Cost is an important consideration for the large-scale clinical implementation of rapid multiplex PCR testing. Previous analyses showed that rapid multiplex PCR testing was the most cost-effective testing strategy for the detection of influenza in children. , The cost-effectiveness of respiratory panel testing is highly influenced by the prevalence of influenza and the proportion of patients treated with antivirals. The significant improvement in influenza diagnosis and antiviral treatment in our study suggests that a combination of respiratory panel and PCT testing may be cost-effective in our study setting. Such speculation, however, requires future validation.

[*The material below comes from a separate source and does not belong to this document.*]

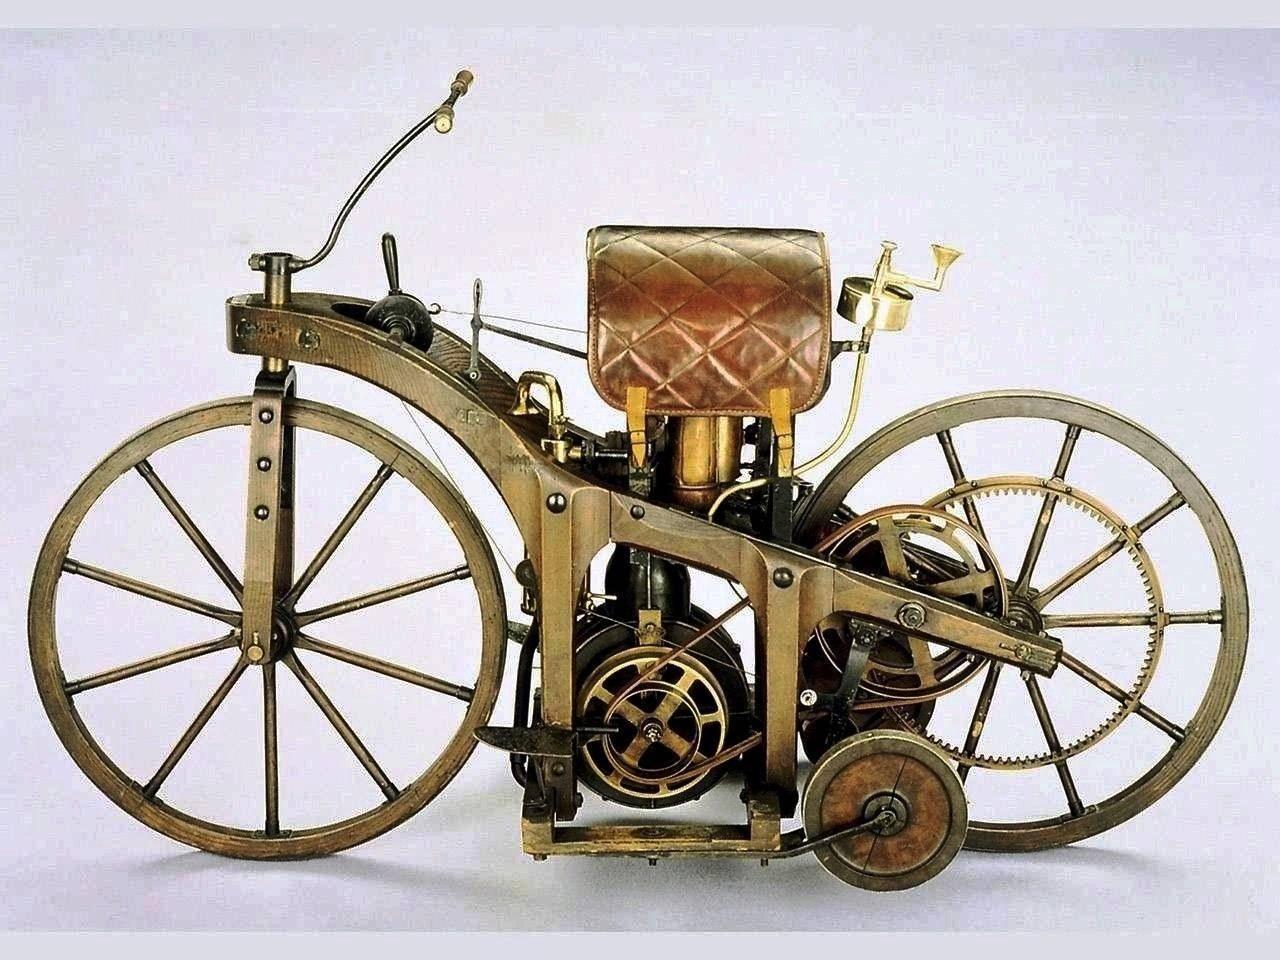 http://4.bp.blogspot.com/-MOlF_Ubgj84/TuxBu1Je1HI/AAAAAAAADmk/ap-Jj8CQJgc/s1600/1885_Daimler_Riding_car_Studio_S_Studio_1280x960_model_car_images_wall_paper_papers_psuperos_pictures_cars_pics.jpg

Our results have to be interpreted in light of several limitations. First, PCT tests were not used in the comparison cohort. We cannot determine the impact of the viral panel and PCT tests separately. Second, the study nurse only enrolled patients during working hours of weekdays. Selection or spectrum bias is less likely because we did not find significant difference in the outcomes of patients presenting to the ED on different time shifts. Third, the postdischarge follow-up data of the historical comparison cohort cannot be retrieved. We therefore could not compare the duration of oral antibiotics between the 2 cohorts. The reduction of intravenous antibiotic duration alone is important because it has been shown to be a strong risk factor for the development of resistant bacteria strains. Fourth, the generalization of the results to other settings should be taken into consideration. The long hospitalization duration in our study was due to old age, severe illness, and low hospitalization cost. , Lastly, the incidence of various respiratory viruses may have varied across the 2 seasons of the study period. The strengths of our study include the older adult population, the twin-center prospective cohort design, the simple antibiotic stewardship algorithm, and the comparison to a PS-matched cohort.

Conclusions and Implications

The findings of our study support the use of rapid multiplex PCR respiratory panels in conjunction with the PCT test for early diagnosis of respiratory viral infection and to inform optimizing antibiotic use in older adult patients presenting to the ED with severe acute respiratory illness. Respiratory viral infection outbreak is common in nursing homes. Performing the proposed diagnostic approach on patients transferred from NHs may enable early detection of the causative pathogens and early isolation of infected patients. As the cost per test is still high, institutions should develop a protocol to prevent indiscriminate testing with multiplex PCR and provide proactive real-time feedback to treating physicians for antimicrobial stewardship. Further studies are needed to assess the incremental value of multiplex PCR viral testing compared with PCT testing alone in the management of patients with severe acute respiratory infection in the ED.